# Shikoku Inu



## Tarron (May 30, 2010)

Hi all,

Just wondering if anyone keeps, or knows of any, Shikoku Inu in the UK?
I came across this beautiful breed when my sister in law gave me a book on japanese dogs, as I own an Akita, and it contained a piece on the Shikoku.
After some Google research, I've found no breeders or possible owners of this breed in the UK. I am aware (now) that they are very uncommon, even in Japan.

I'm not looking to own one, certainly not now, and not until I know we are suited to each other.

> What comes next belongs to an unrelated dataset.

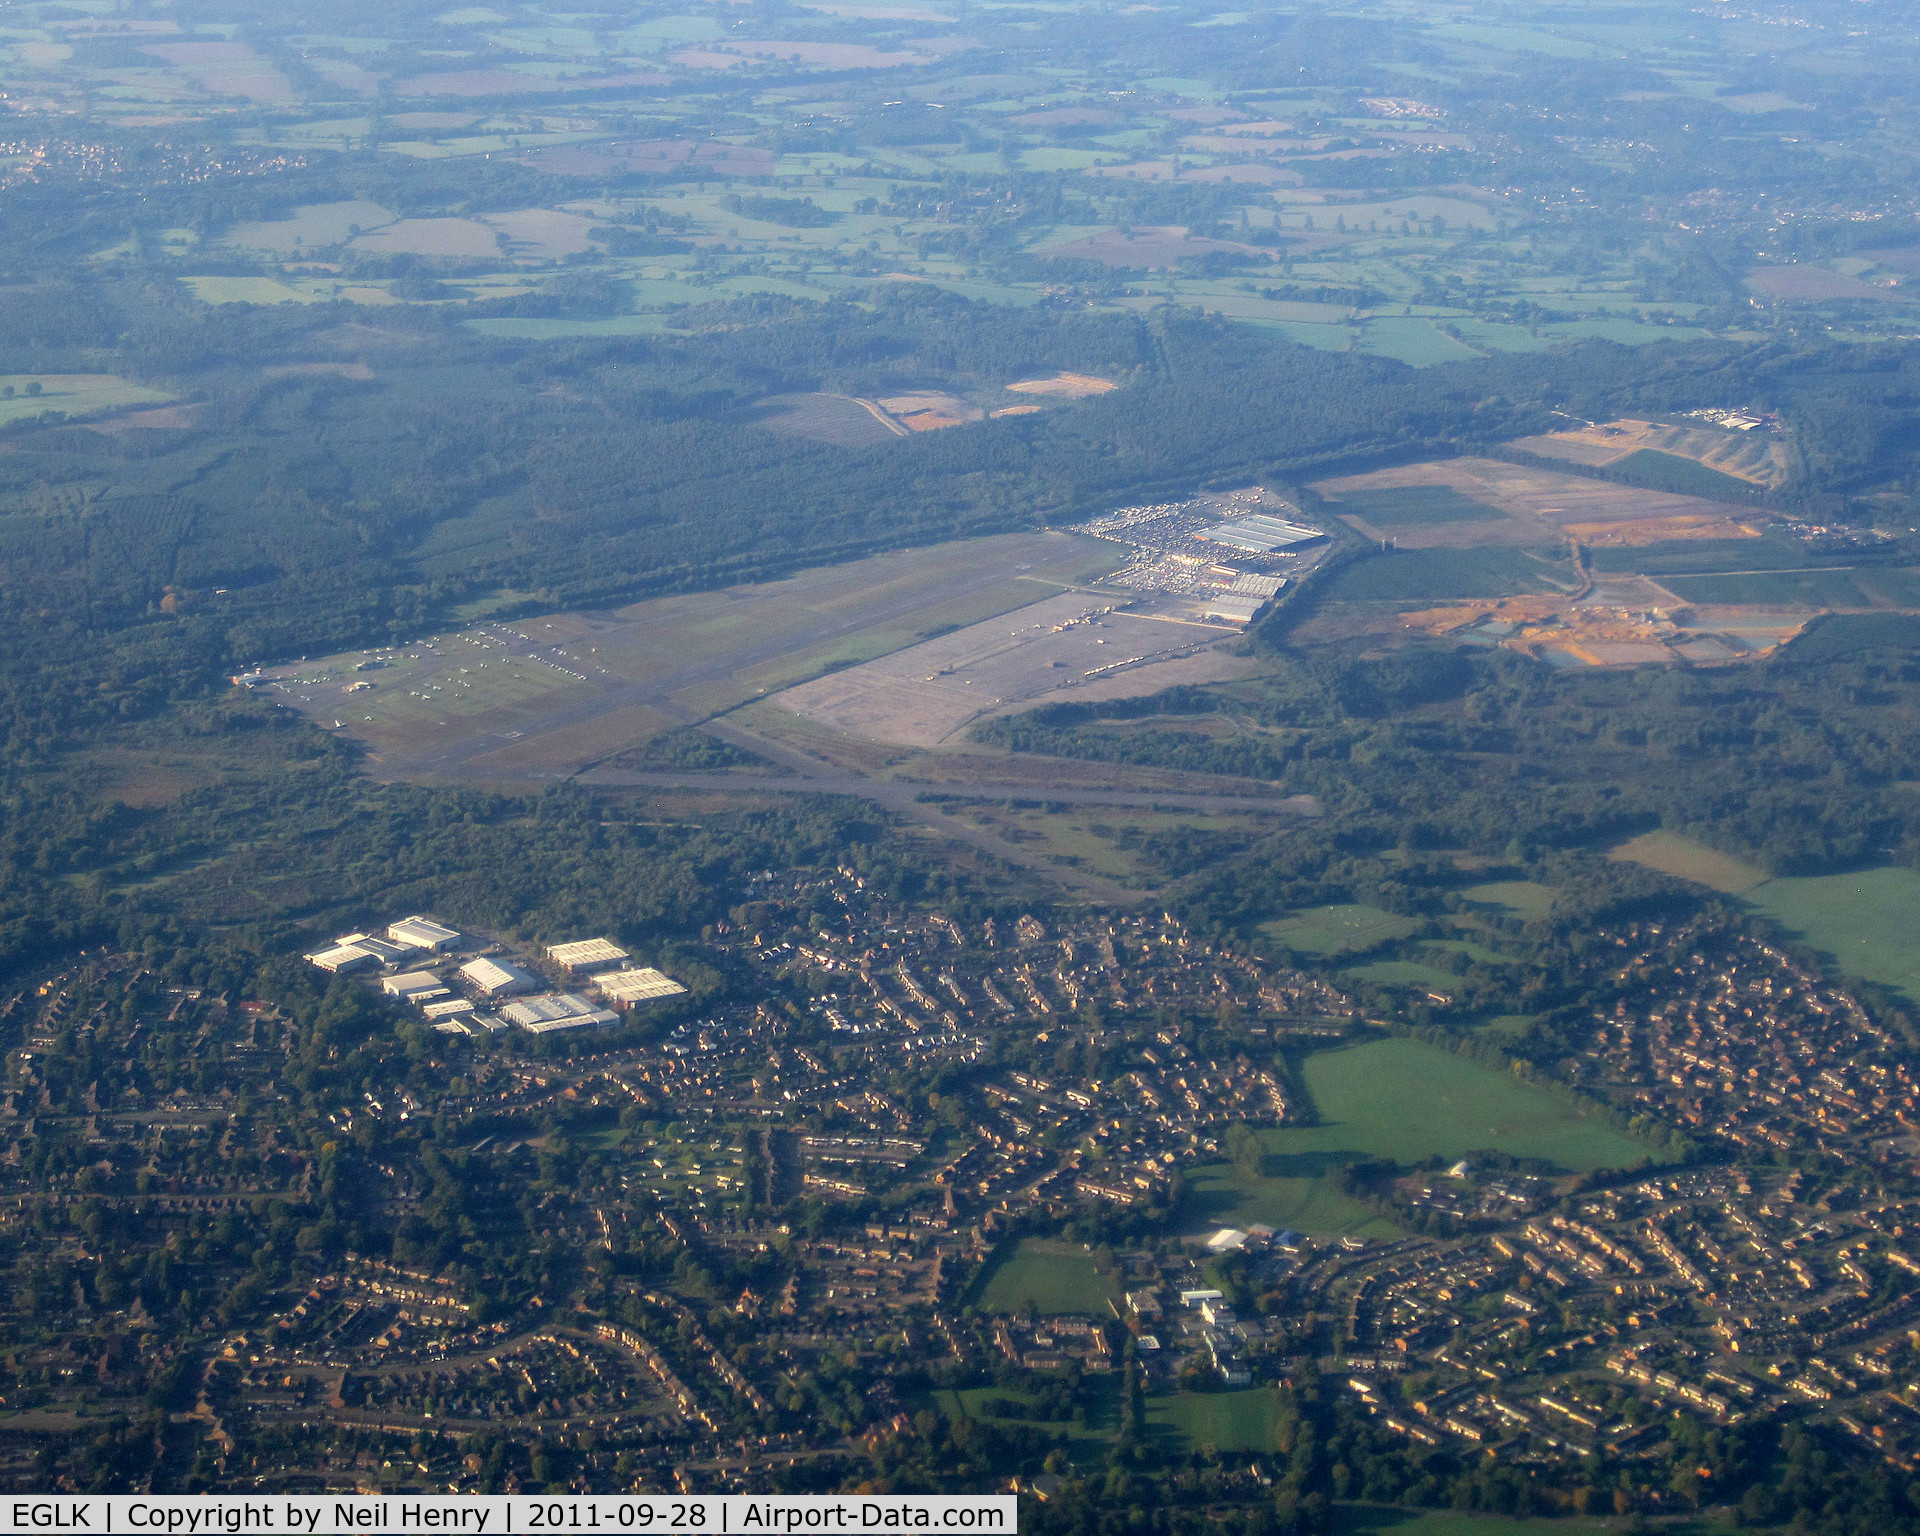 Blackbushe Airport, Camberley, England United Kingdom (EGLK) - taken from flight on approach to London Heathrow 28 Sept 2011 about 08:03 hours
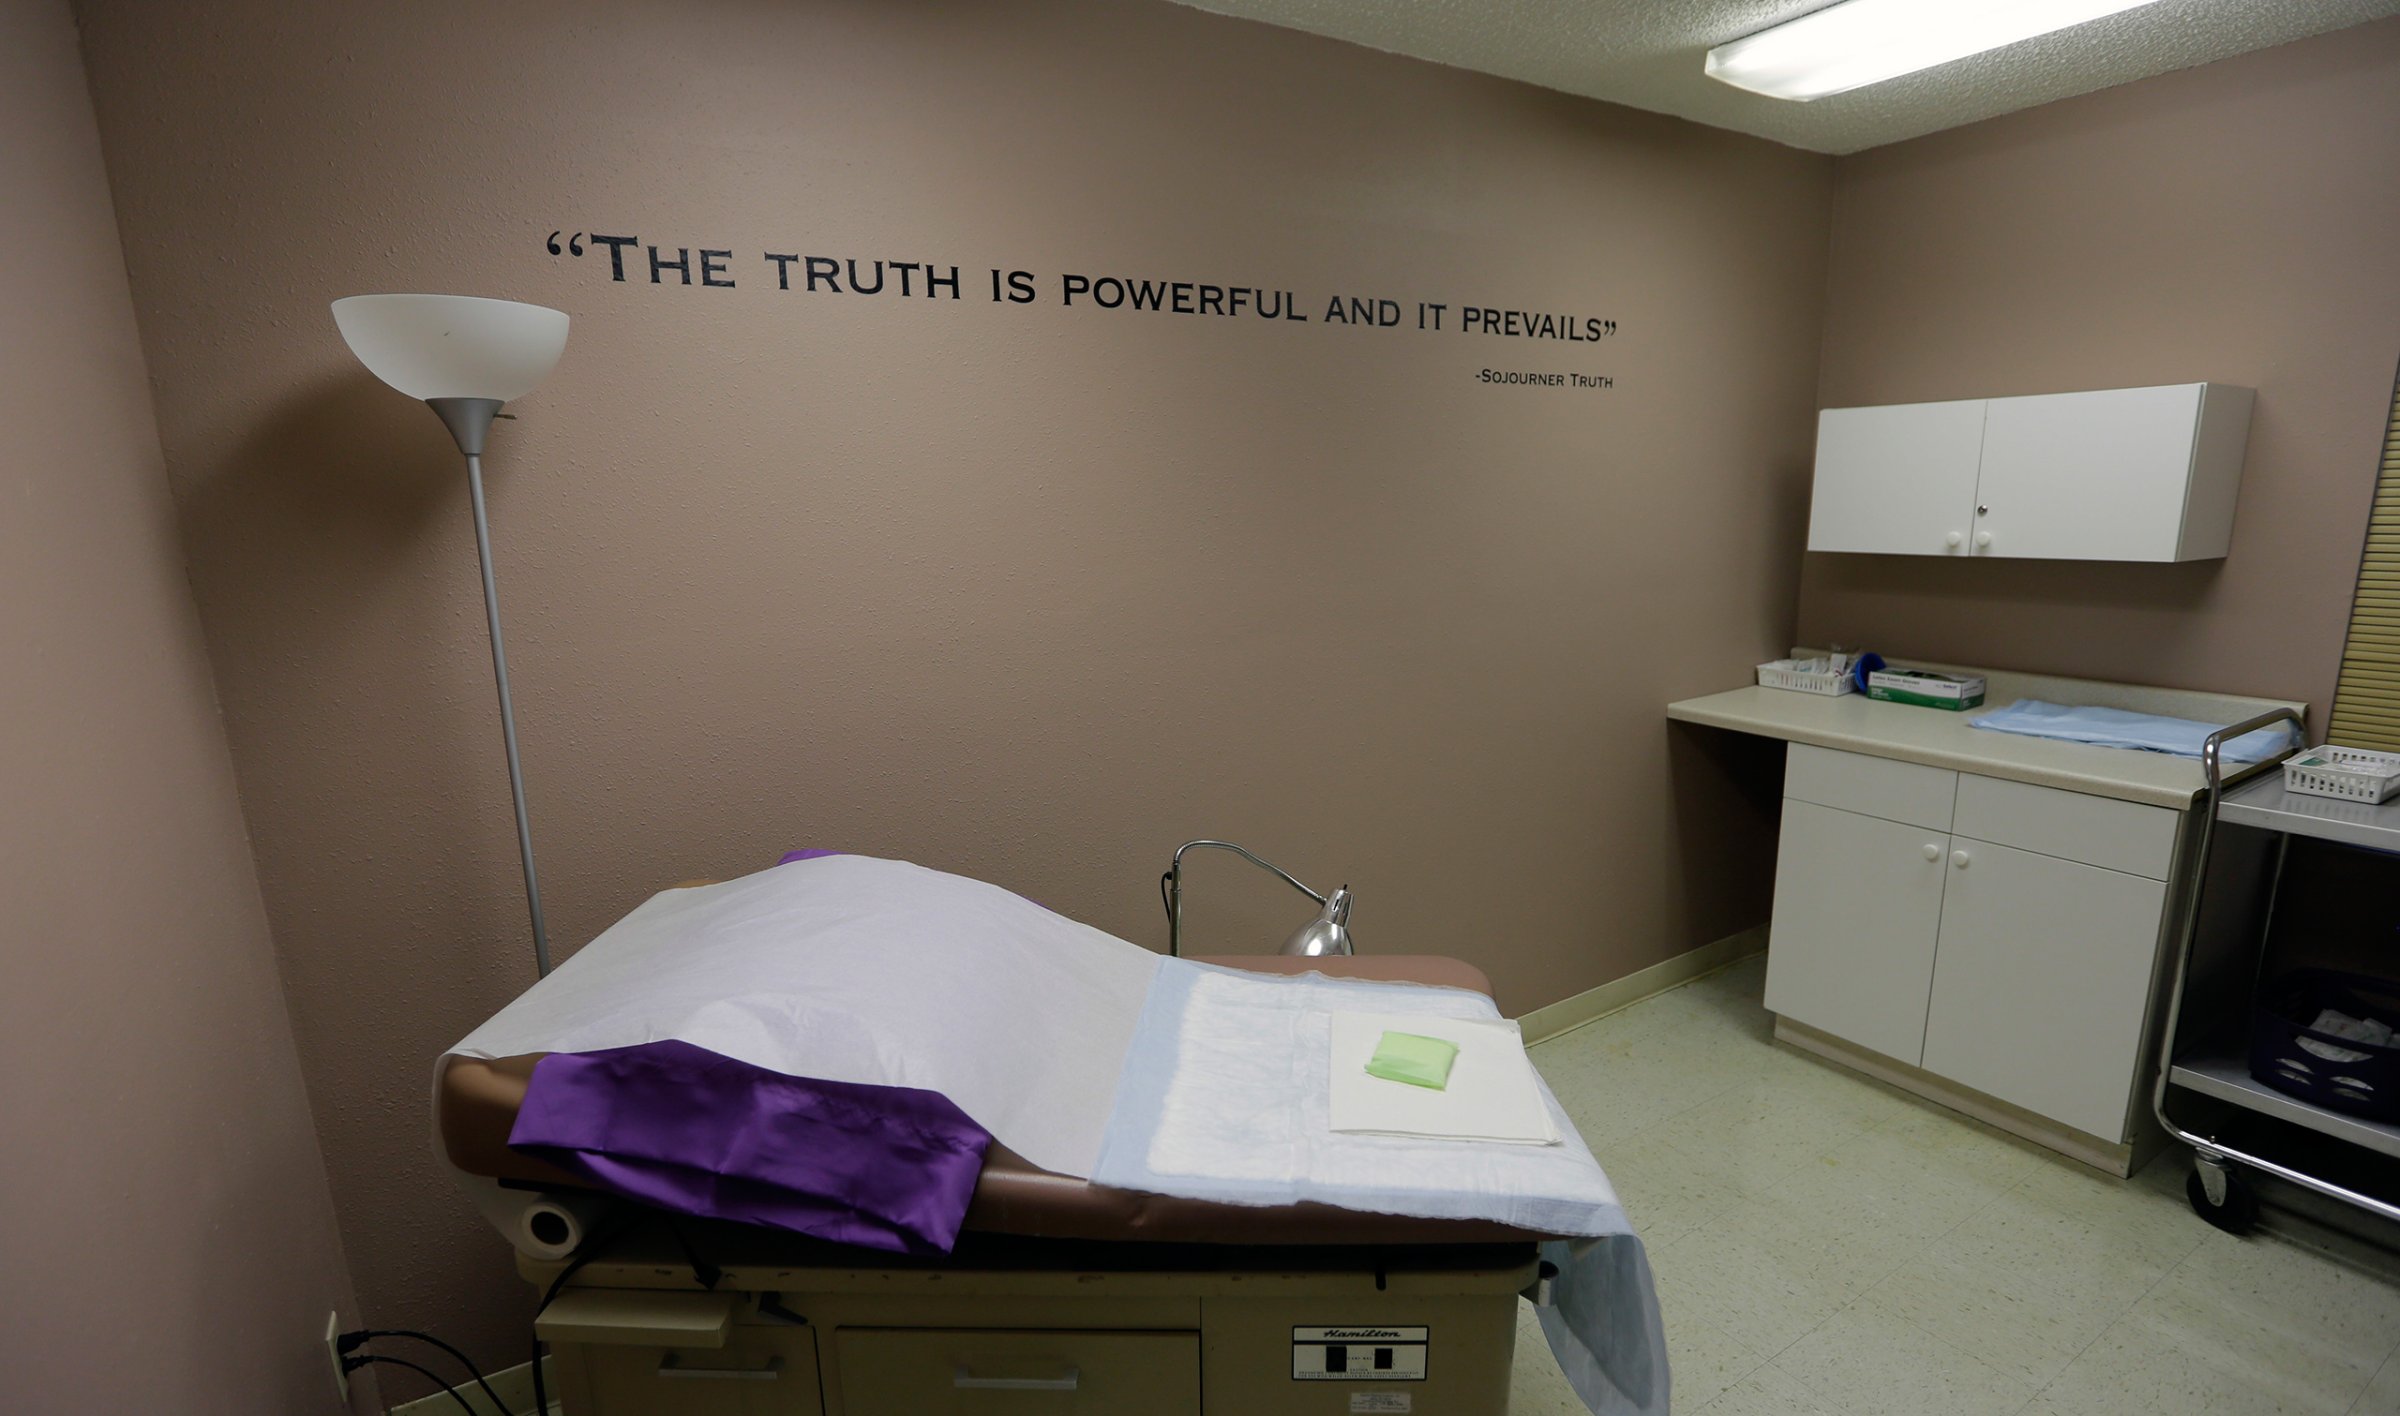 A room formally used as an examination room for abortions is seen at Choice Clinic, formerly Whole Woman's Health Clinic, in Austin on June 27, 2016.

For those who don't know, the Shikoku is an ancient Japanese hunting dog, of a small/medium height.

Here's a link

google.co.uk/m/search?q=shikoku+inu&site=images&ei=Svh4TuiJKeDWjQe7tAE&ved=0CBQQ7AkwAA#i=9


----------



## cloggers (Mar 13, 2010)

I've heard they're very rare. My mums friend owns and shows Shibas, and her breeder used to live in america, she only briefly cared for a Shikoku. 
He was quite like most other Japanese breeds, quite a handful and certainly had his moments, though very loving and intelligent. I'm afraid that's all I could tell you. They're absolutely stunning dogs!!


----------



## Tarron (May 30, 2010)

They are beautiful dogs, so athletic. I know there aren't many around and the chance of ever getting one would be so slim, just wondered if there were any in the country.

My wife always hits me when we see a shiba, saying we could have had a miniature version of the akita, lol. We do love Mia to bits really though.

I think I've got a thing for Japanese dogs, so 'primitive', natural looking dogs,with so much strength and grace combined. The most loyal dog I've ever owned, though turning round with a 2ft akita behind you isn't easy, lol
Cheers Cloggers


----------



## efrainita (Jun 10, 2013)

*Shikoku inu*

Dear,

I was wondering if you found some info about Shikoku...
I am from Czech republic, I spent hundrets hrs of research, but nothing, no puppy. I would love to own one...

I see your post is bit older, so I am hoping you found something...
Please let me know, if you found some breeder...

thank you for your help...

Z


----------